------ DATA FOR THE TASK

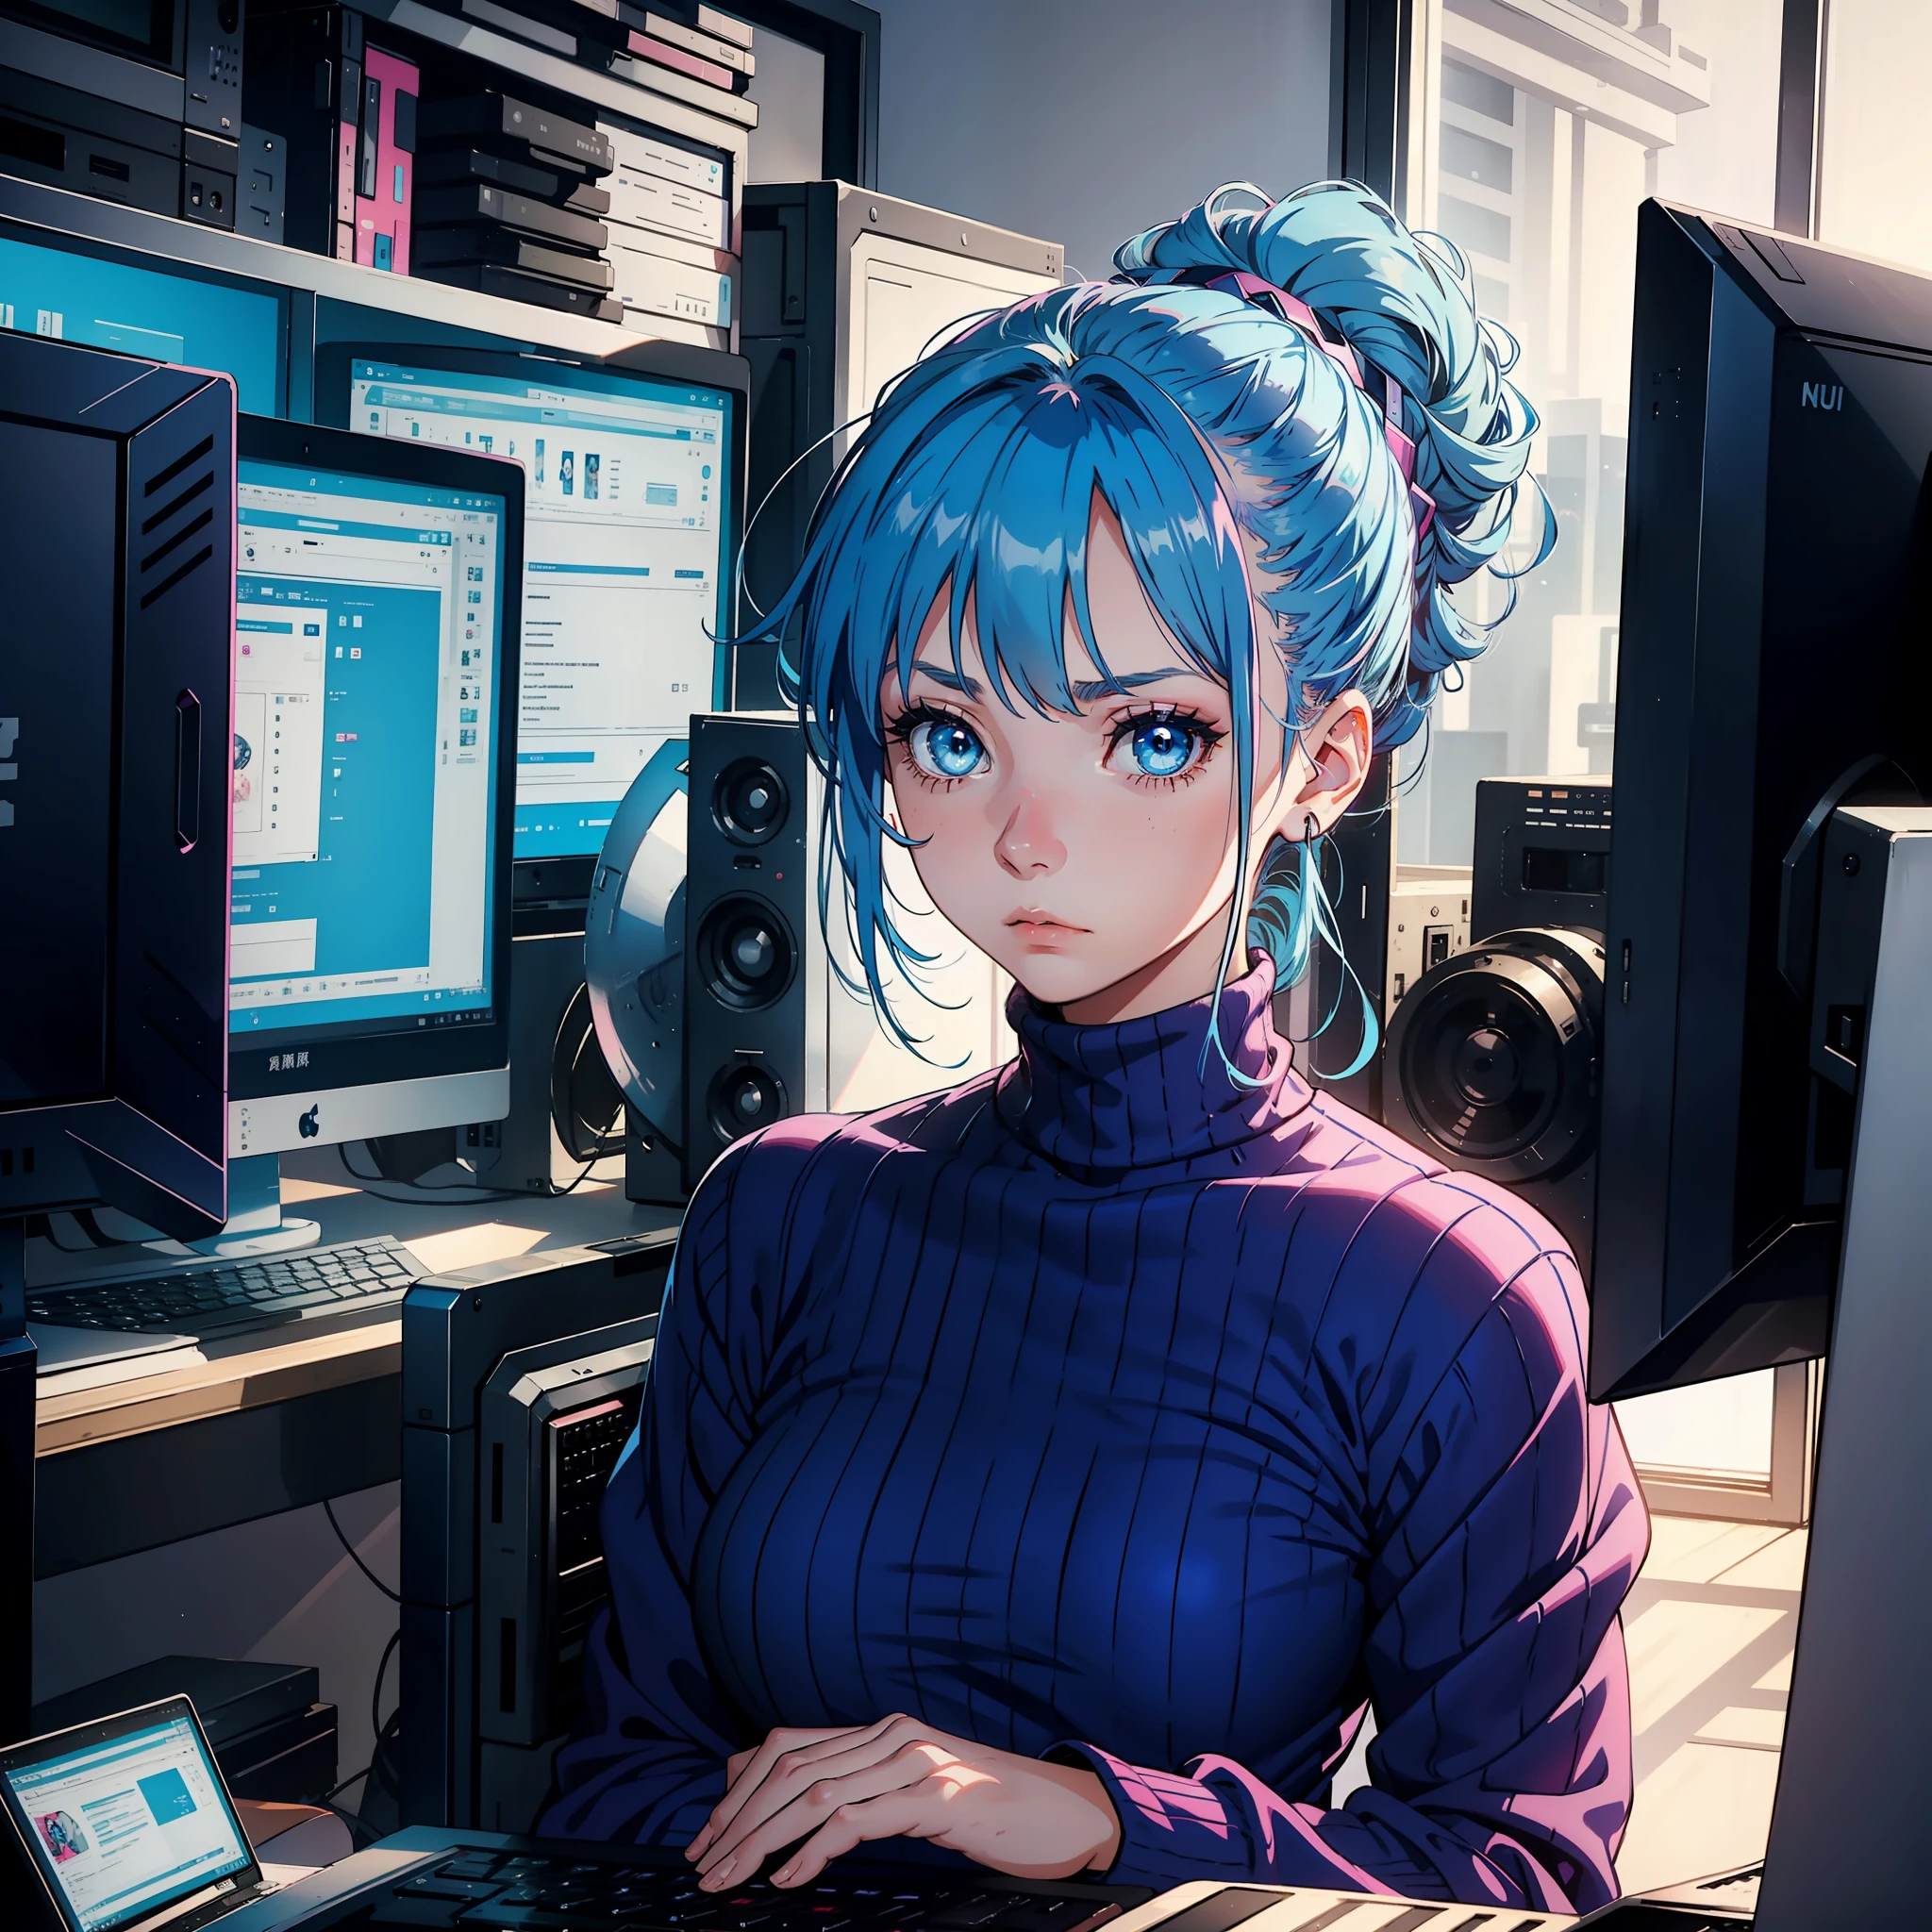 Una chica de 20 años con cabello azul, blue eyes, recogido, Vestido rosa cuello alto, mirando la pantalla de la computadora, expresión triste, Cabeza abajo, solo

------------
------ DATA FOR THE TASK

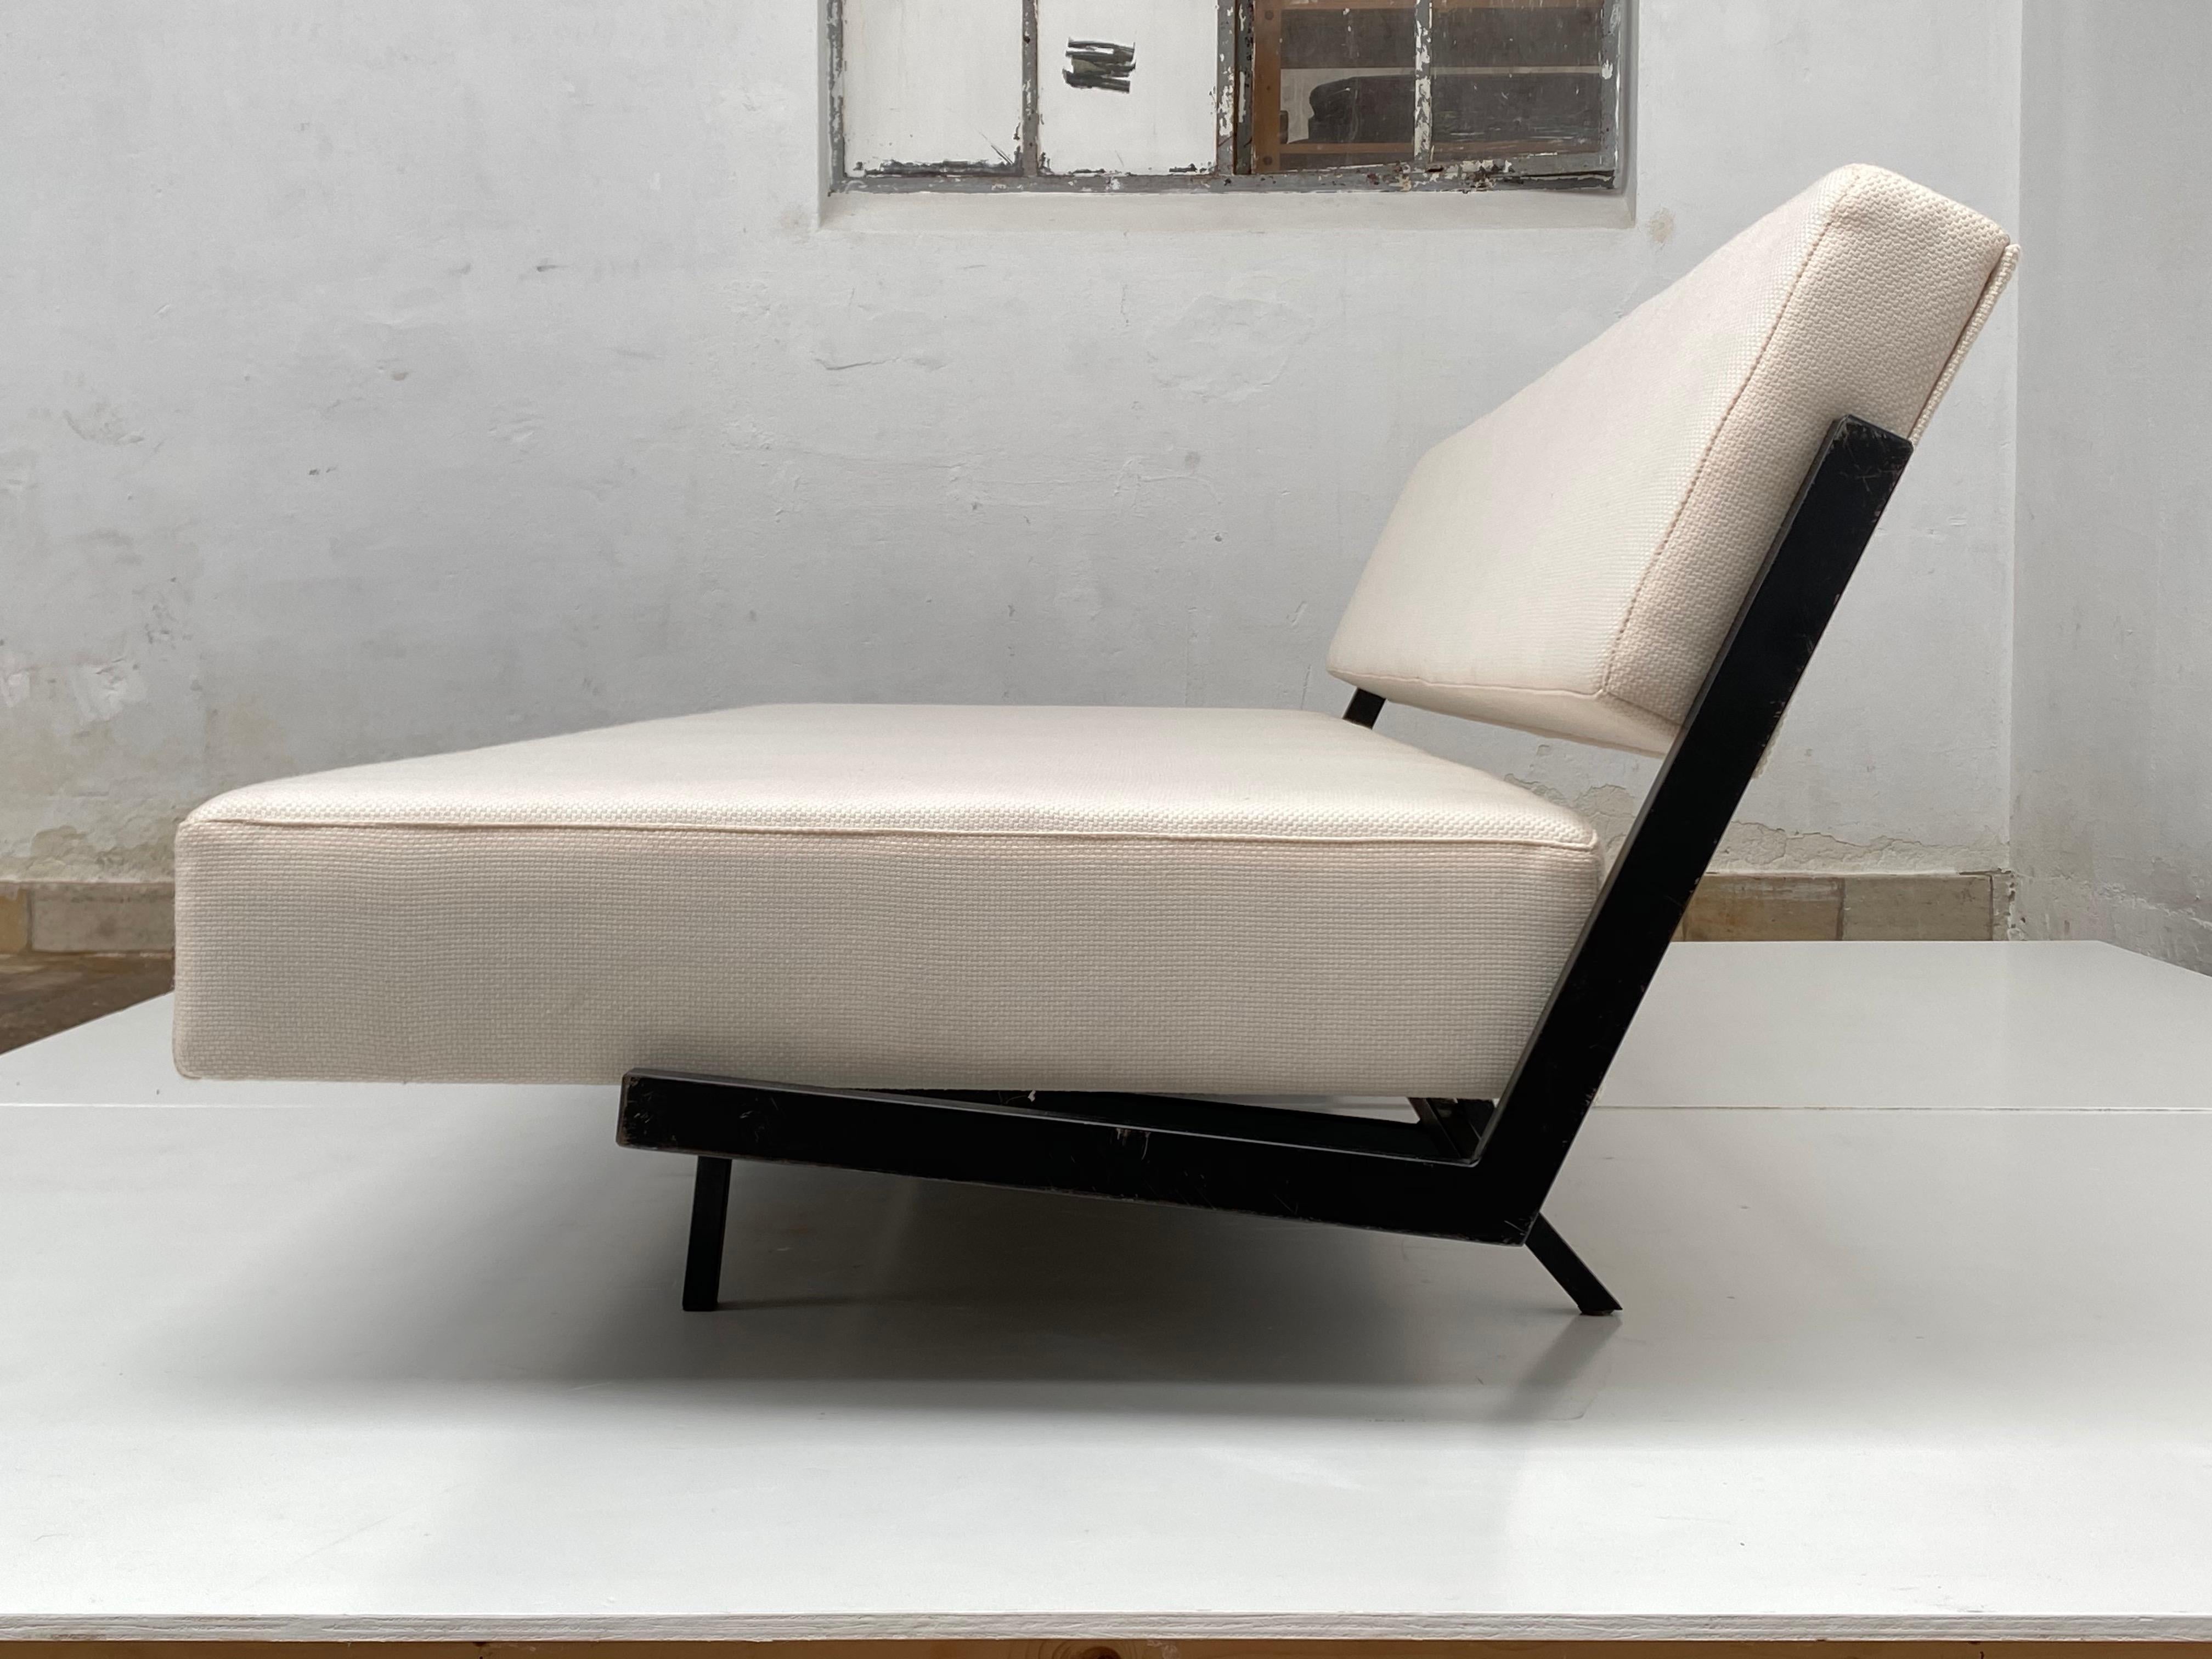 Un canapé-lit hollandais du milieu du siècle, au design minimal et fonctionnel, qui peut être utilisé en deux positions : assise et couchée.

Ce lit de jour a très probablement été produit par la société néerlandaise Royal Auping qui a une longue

------------

-- TASK OBJECTIVE --
Above are records with pictures. Reproduce exactly only the lines from the line with "Un canapé-lit hollandais" through the line with "Ce lit de jour", both ends included, and leave the pictures out.

-- SOLUTION TO THE EXERCISE --
 Un canapé-lit hollandais du milieu du siècle, au design minimal et fonctionnel, qui peut être utilisé en deux positions : assise et couchée.

Ce lit de jour a très probablement été produit par la société néerlandaise Royal Auping qui a une longue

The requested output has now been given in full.